Compare to Apple, for example, where there is what seems to be a strict vetting process, ( sure a. to ensure revenue but I imagine b. to check security ).

When I see AMMO as an author, I run to the hills ;-P

You’re spot on, it’s exactly the vetting process that’s the weak link!

There are plenty of techical tools to lock down a GitHub repo, but it’s up to the owners/admins to decide how to use them. In the case of the XZ backdoor, the attacker got in using social engineering which let the villains access the xz-utils repository on GitHub (which BTW is shut down now).

Ps..
Run to the hills? Nah, when I see Amm0, I grab my notebook - always something new to learn!

(I hope you will improve your incomplete knowledge in practice.)

Nobody knows everything, but staying within the RouterOS scripts, at most I'll teach you.

Telling me about incomplete knowledge of RouterOS scripting, or arguing about https (which you don't verify) says much more than many words.
Not to you, of course, but to others it does.

So you devalue the work that me, @eworm, @merlinthemagic, and MANY others to do publish their work on GitHub, […]

No, for two reasons, and also for others not listed,

the first is that the warning is to avoid doing the "/import" automatically from who knows what sources,
without do any veify on script before import (like check if present other than "add addres..."), and without check certificates.

and the second, "the user who posts once and goes away" is certainly less reliable than someone who is always present on the forum...

Nobody knows everything, but staying within the RouterOS scripts, at most I'll teach you.

I am always open to new information, but due to your initial approach, I am closed to any information from you.

and the second, "the user who posts once and goes away" is certainly less reliable than someone who is always present on the forum...

The world is not just this forum and I am newly registered in the forum, yes, but I do not have an anonymous account. To be long-term, you have to start somewhere.

you are really funny. Your aim is obvious when I examine her profile a little.

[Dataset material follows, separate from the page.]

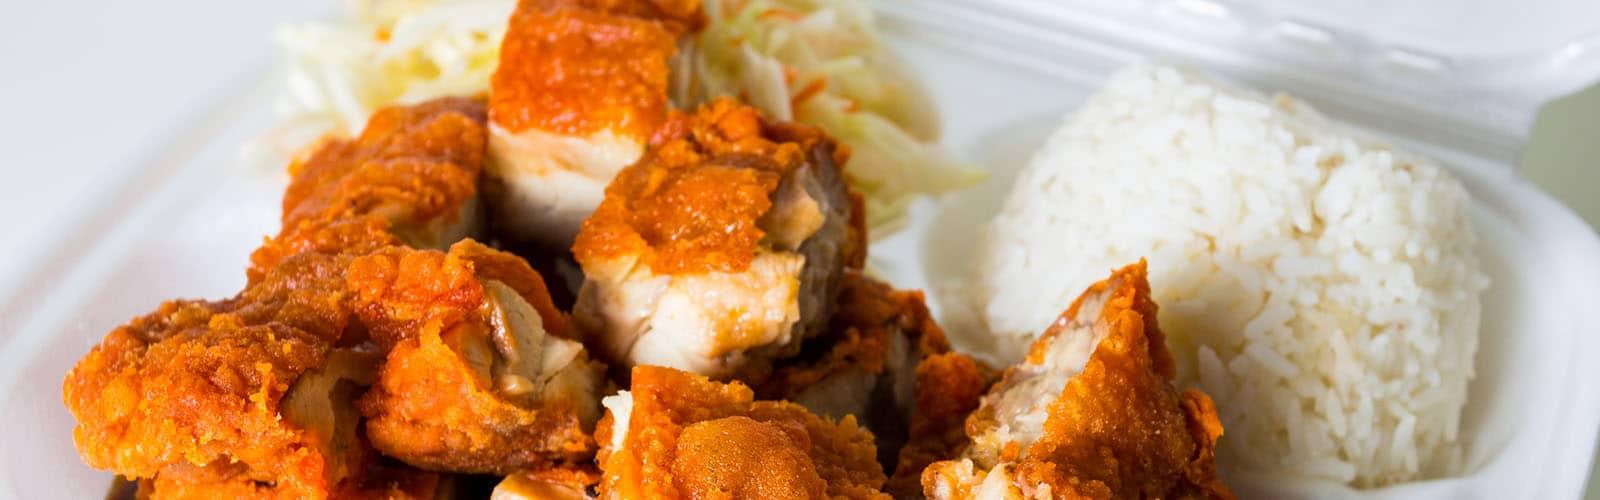 fastfood-disposables-wegwerp-bakjes-ps-thermo-borden-bestek-tray-groothandel
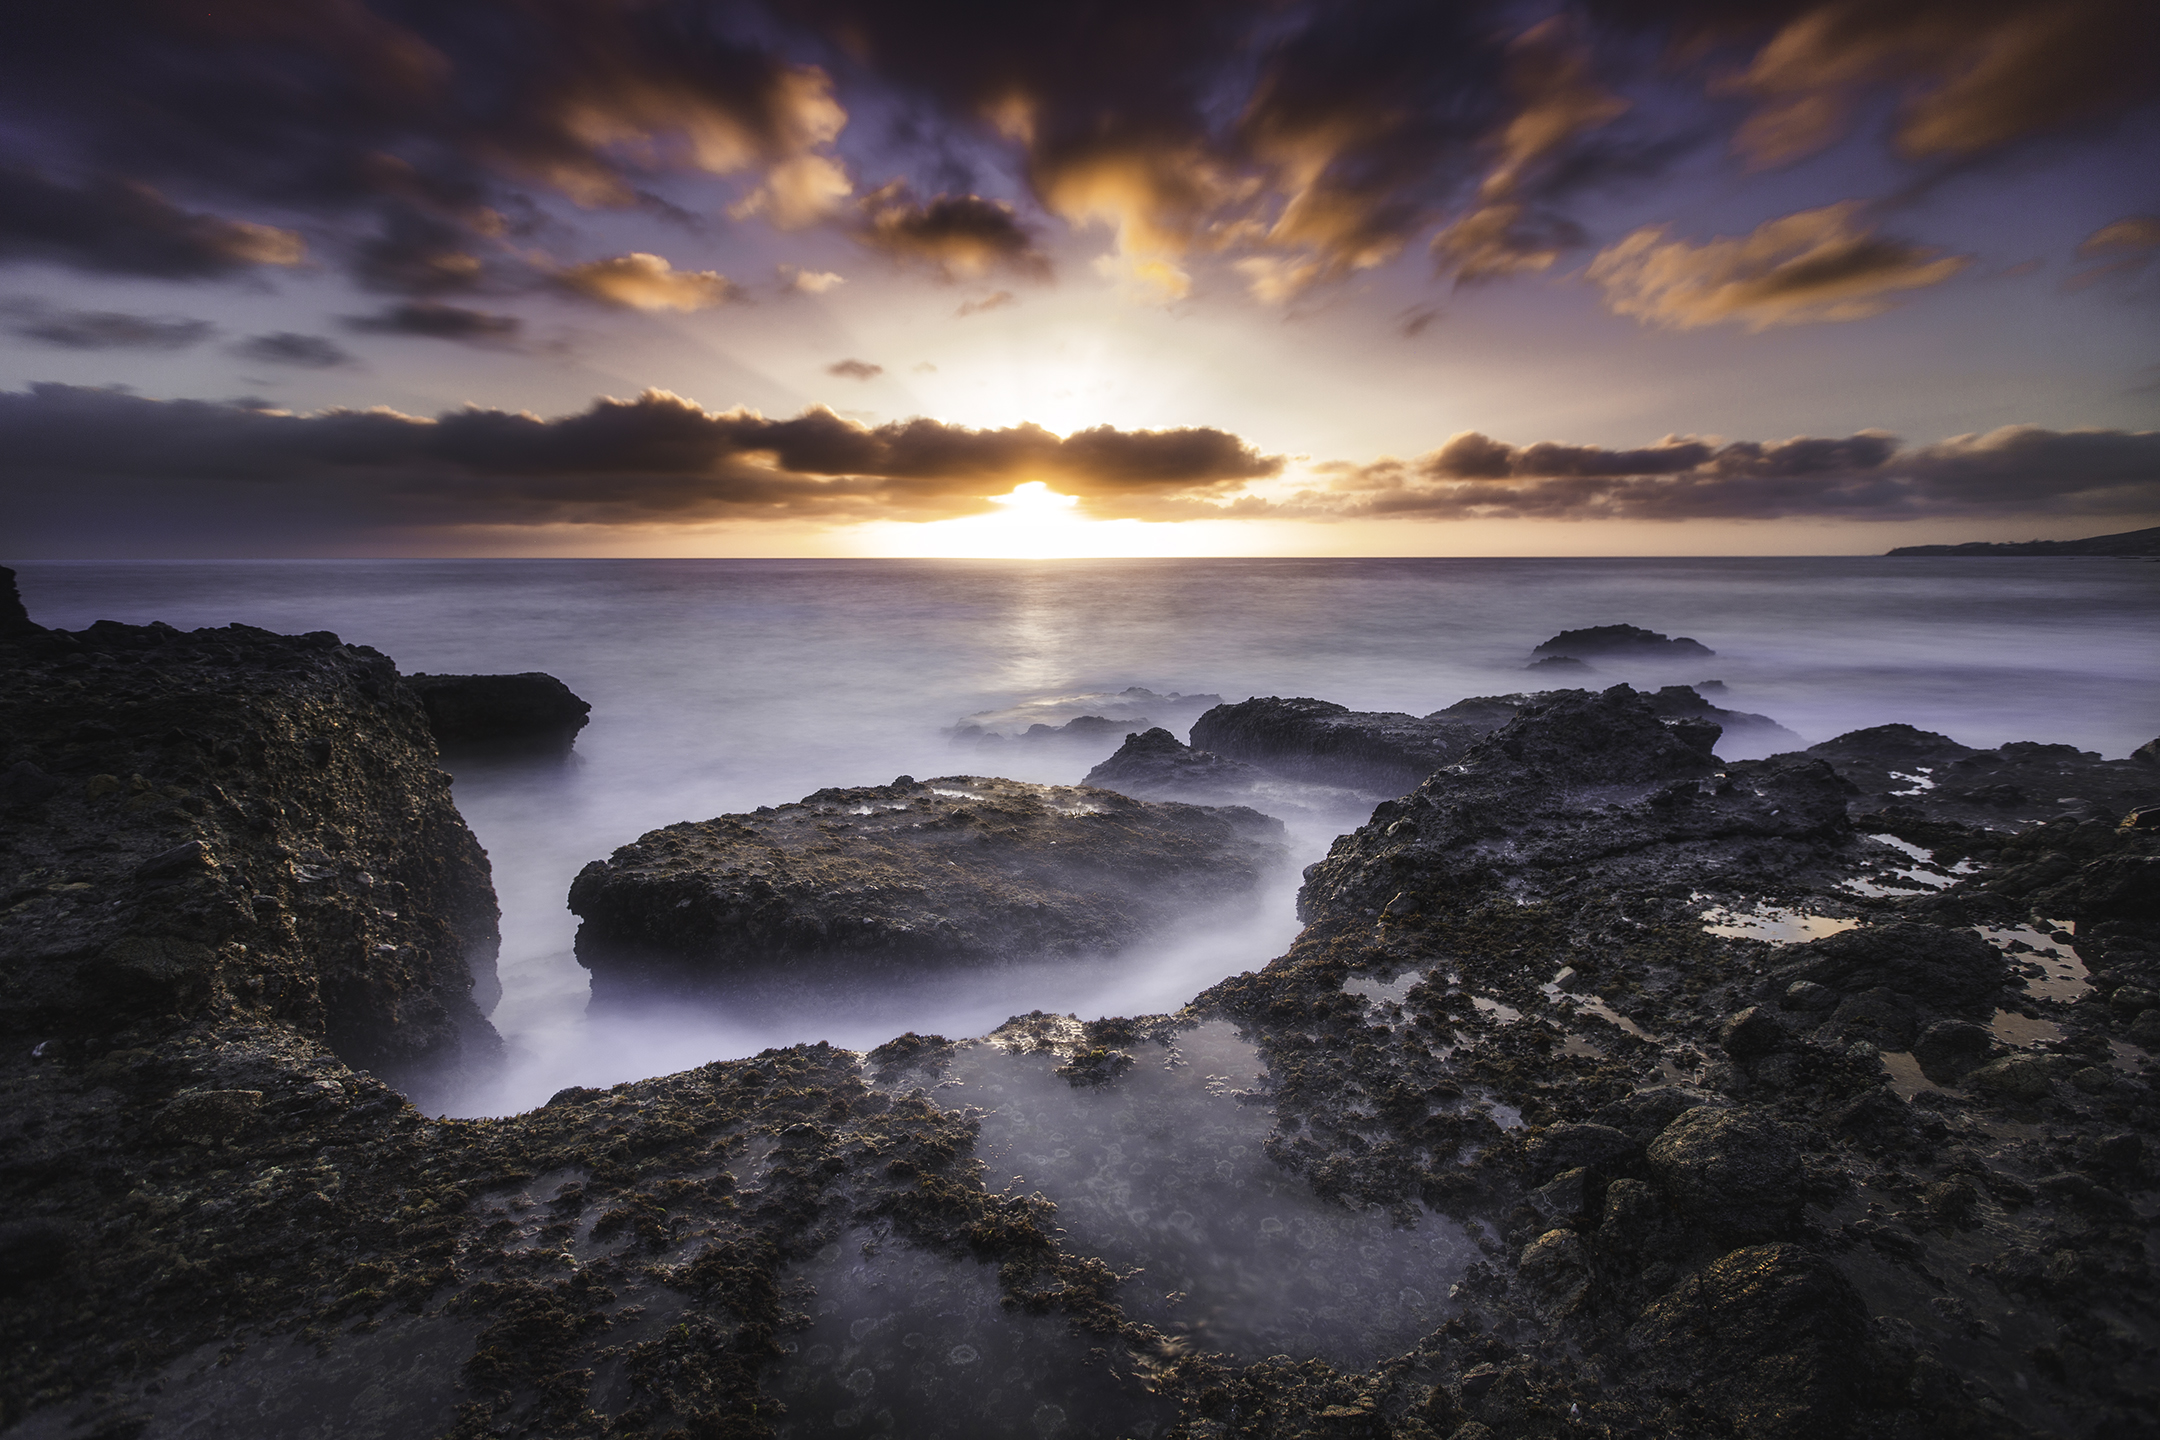 California Coast - Laguna Beach, California // Photographer: Jason Wilson // Canon 5D Mark III + Canon 16-35mm f/2.8L II // ISO 160, f/4, 30

Good thing, at least you get a laugh.

Some general obsevations.
Every now and then someone is asking here in the forum"what to do, I forgot my password, can't get in to my rooter!". Well, hopefully no one is giving them an advice how to do it. Even if there was a way to do it without resetting your rooter.
This one was quite obvious, but what if an evil hacker is asking and getting information bit by bit how to make evil things in our rooters? "How to make this and how to make that?". There are experts in this forum who can give brilliant assistance, you just have to ask. In the end of the day hackers might have useful info how to get things going as they like. Does anyone see there might be a problem? I'm not saying that you should not help users to get their rooters working, but do you recognise a weird inquiries? At least, if someone find a bug that compromise rooter security, please don't bring it here to the forum, but inform Mikrotik asap.

It's not a security bug.

It is normal for the knife to be sharp, that is its purpose.
I'm just telling you not to rub the blade on your skin... because you read somewhere on the internet that it keeps mosquitoes away...

I am always open to new information, but due to your initial approach, I am closed to any information from you.

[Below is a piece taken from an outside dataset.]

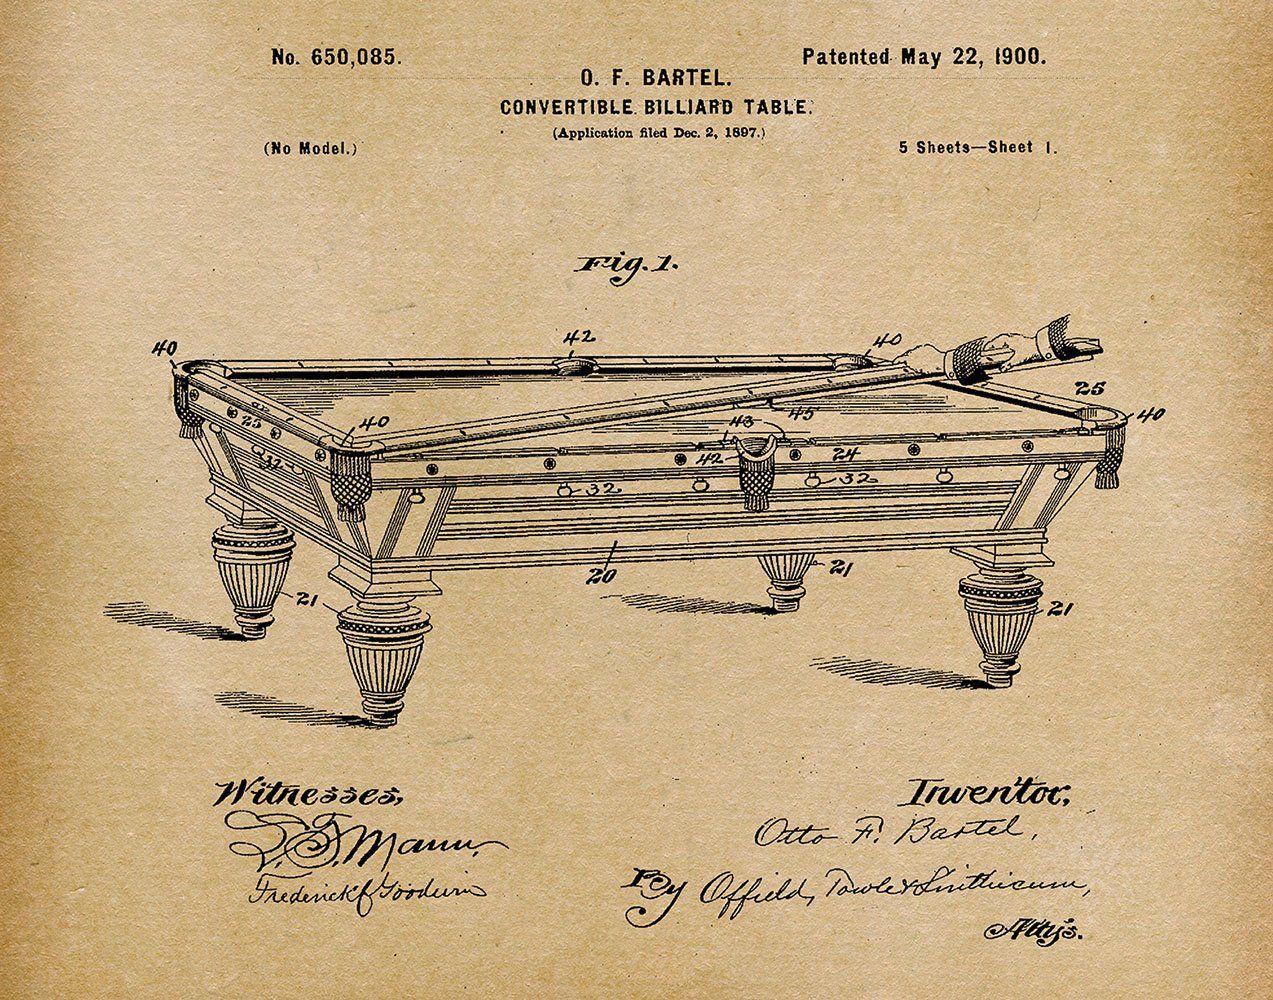 1897 Convertible Billiard Table Patent Print Art Drawing Poster 18X24

Your loss and I guess some folks can't handle the truth. I find honest no BS answers refreshing and they are irrefutable when back up by technical acumen.

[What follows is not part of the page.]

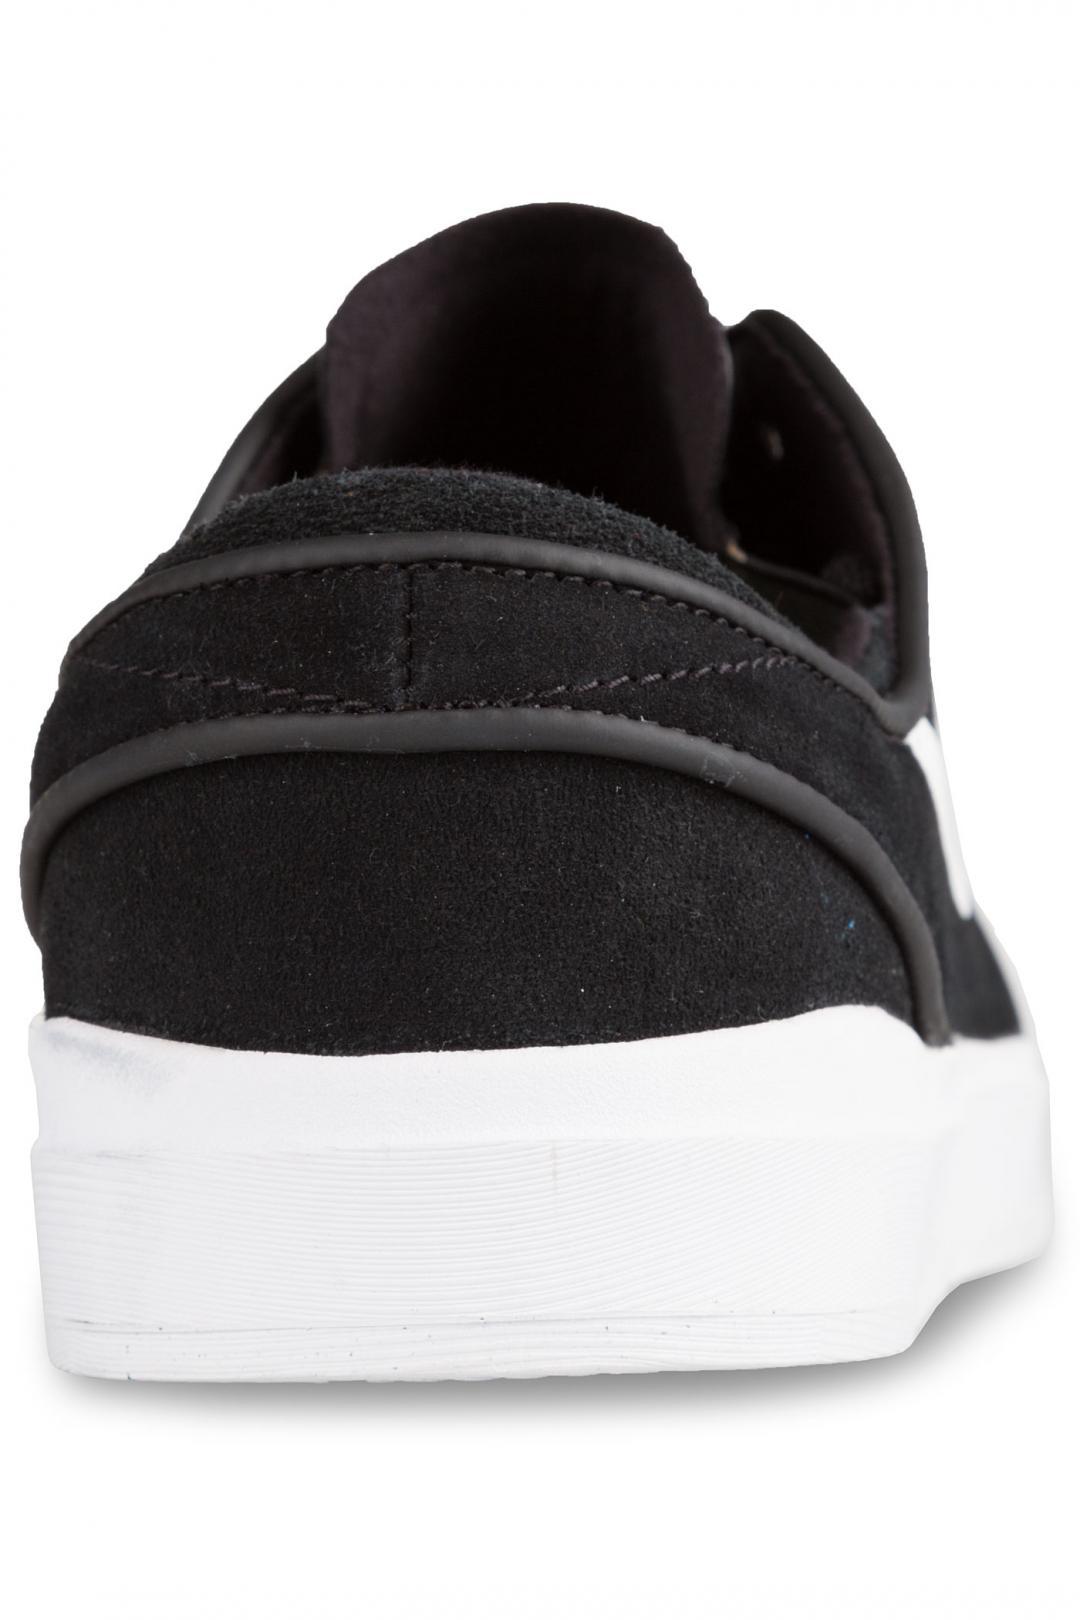 Uomo Nike SB Stefan Janoski Hyperfeel black white   Scarpe da skate

Never ever run scripts unvetted, from any place.

There are script that use to import lists and those scripts you should vet and then use over and over. If a new version is published the you start again with vetting it before using it.

Git's are nice, but code from this forum is seen by members that can see if someting is not right. And as it is with updates be a bit patient so you are not the first one catching a bug.